Sehingga nilai-nilai spiritual dan nilai-nilai material hanya akan dapat dirubuhkan oleh manusia yang berjiwa tentram.
Karena manusia yang berjiwa tentram akan menjadi manusia-manusia yang produktif dan hidup bergairah. 
  • Sebab hidup di dunia ini akan dirasakan sangat indah dan semarak sebagai tempat berkarma untuk meningkatkan kesucian diri. 
  • Tidak akan ada suatu kemajuan di dunia ini kalau dunia ini di huni oleh manusia-manusia yang berjiwa gelisah, cemas, ragu-ragu dan selalu kecewa melihat keaadaan.
Jiwa dalam asal - usul manusia menurut agama Hindu, anak Bali disebutkan :
Atman merupakan bagian dari Brahman.
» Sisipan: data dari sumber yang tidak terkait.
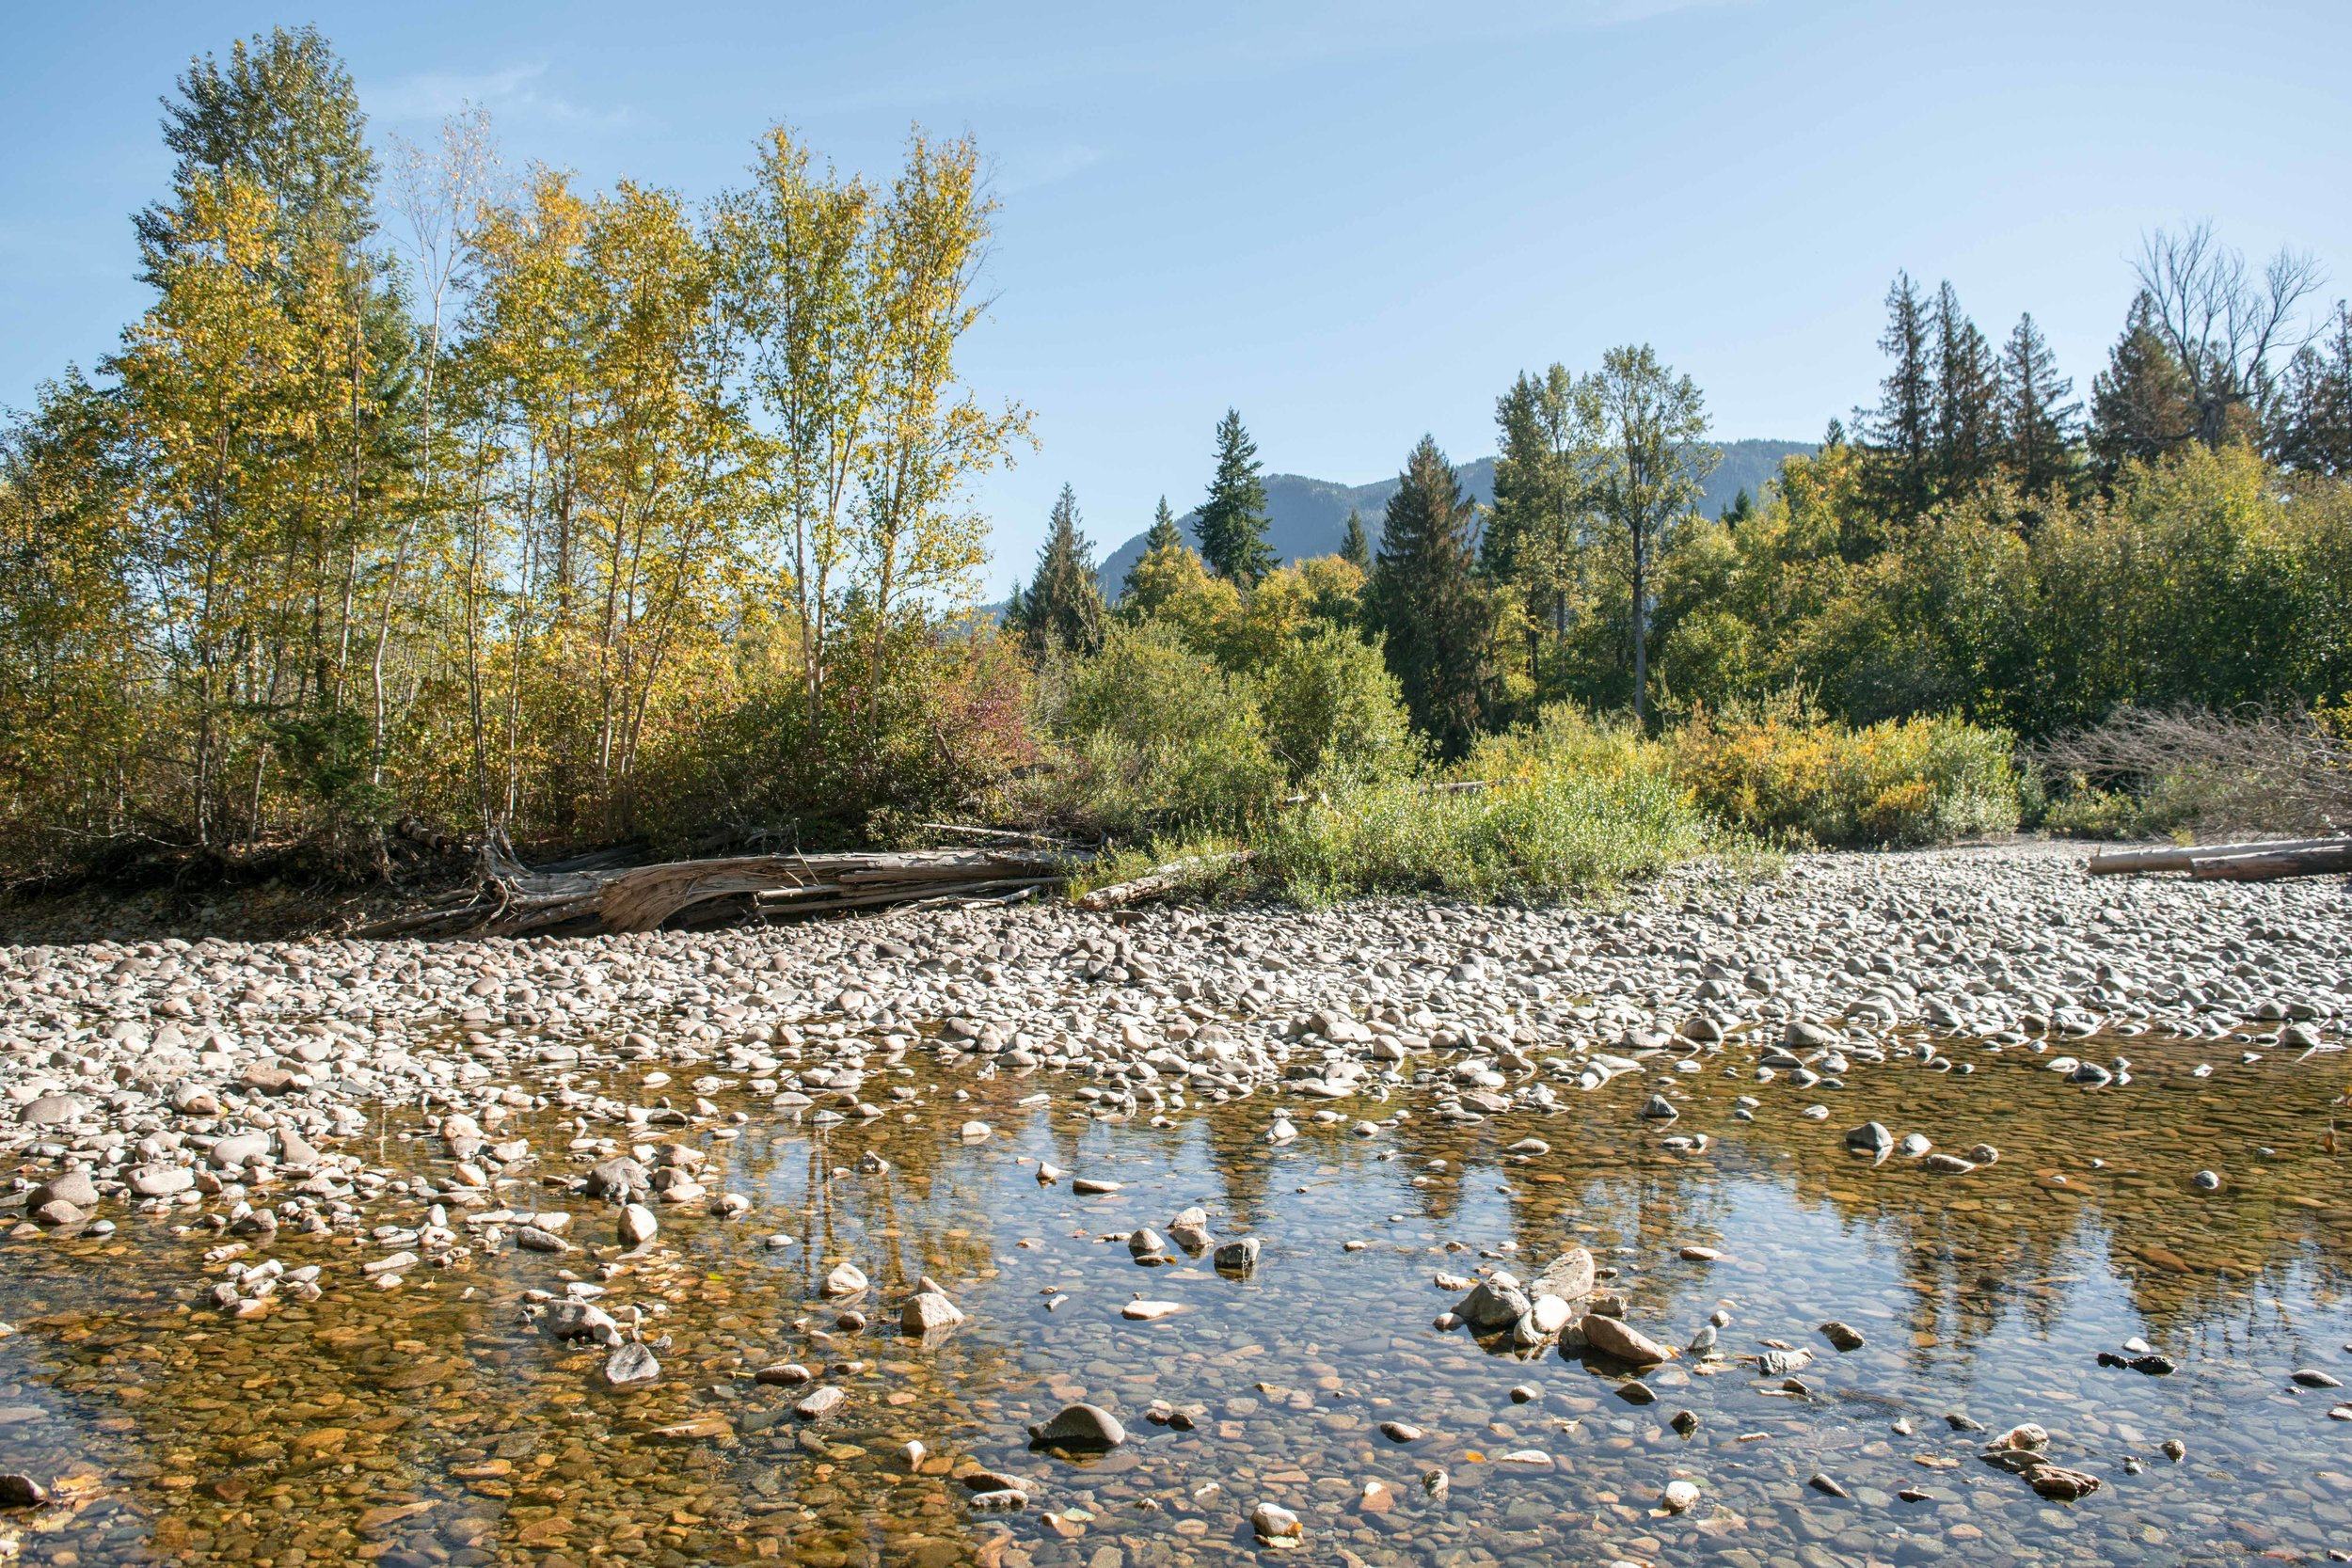 Adams River, Shuswap

Seperti setitik air hujan yang berasal dari samudera luas.
Pada akhirnya ketika kematian menjemput, 
sang jiwa (atman) juga disebutkan akan melewati alam Mrtya Loka dengan perlahan-lahan untuk melepaskan sisa-sisa keterikatan terhadap kehidupan duniawi dan kekasaran pikiran.
Sebagai perbandingan, pandangan tentang jiwa oleh beberapa filsuf dunia disebutkan sebagai berikut :
  • Peradaban eropa kuno, Plato, Filsuf Yunani dalam jw.org menyebutkan : ”[Pada waktu mati,] sesuatu yang adalah diri kita yang sebenarnya, dan yang kita sebut jiwa yang tidak dapat mati, pergi menghadap dewa - dewi lain, di sana . . . untuk memberikan pertanggungjawaban,
    • prospek yang dihadapi dengan berani oleh orang baik, 
    • tetapi dengan rasa takut yang hebat oleh orang jahat.
    • Plato—Laws, Buku XII.
Setelah upacara Nyekah dilakukan, ikatan atma sudah terbebas dari Panca Maha Butha dan panca tan matra, sehingga yang masih melekat dan dipertanggungjawabkan oleh atman (sang jiwa) ke hadapan Hyang Widhi adalah karma wasana, yaitu :
  • baik buruknya karma / perbuatan (Subha Karma dan Asubha Karma) sewaktu masih hidup.
  • Kondisi Karma Wasana inilah yang menentukan baik buruknya kehidupan dimasa yang akan datang, 
    • jika saja suatu saat berkeinginan untuk reinkarnasi dengan lahir kembali sebagai manusia ke dunia ini.
Dan sebagai jalan dharma, untuk dapat memberikan ruang pada belas kasih dan kebajikan di dalam pikiran kita, hal ini tidak saja memurnikan jiwa kita, 
tapi sekaligus juga disebutkan akan dapat mengirimkan pancaran energi kesejukan dan kedamaian kepada orang lain juga.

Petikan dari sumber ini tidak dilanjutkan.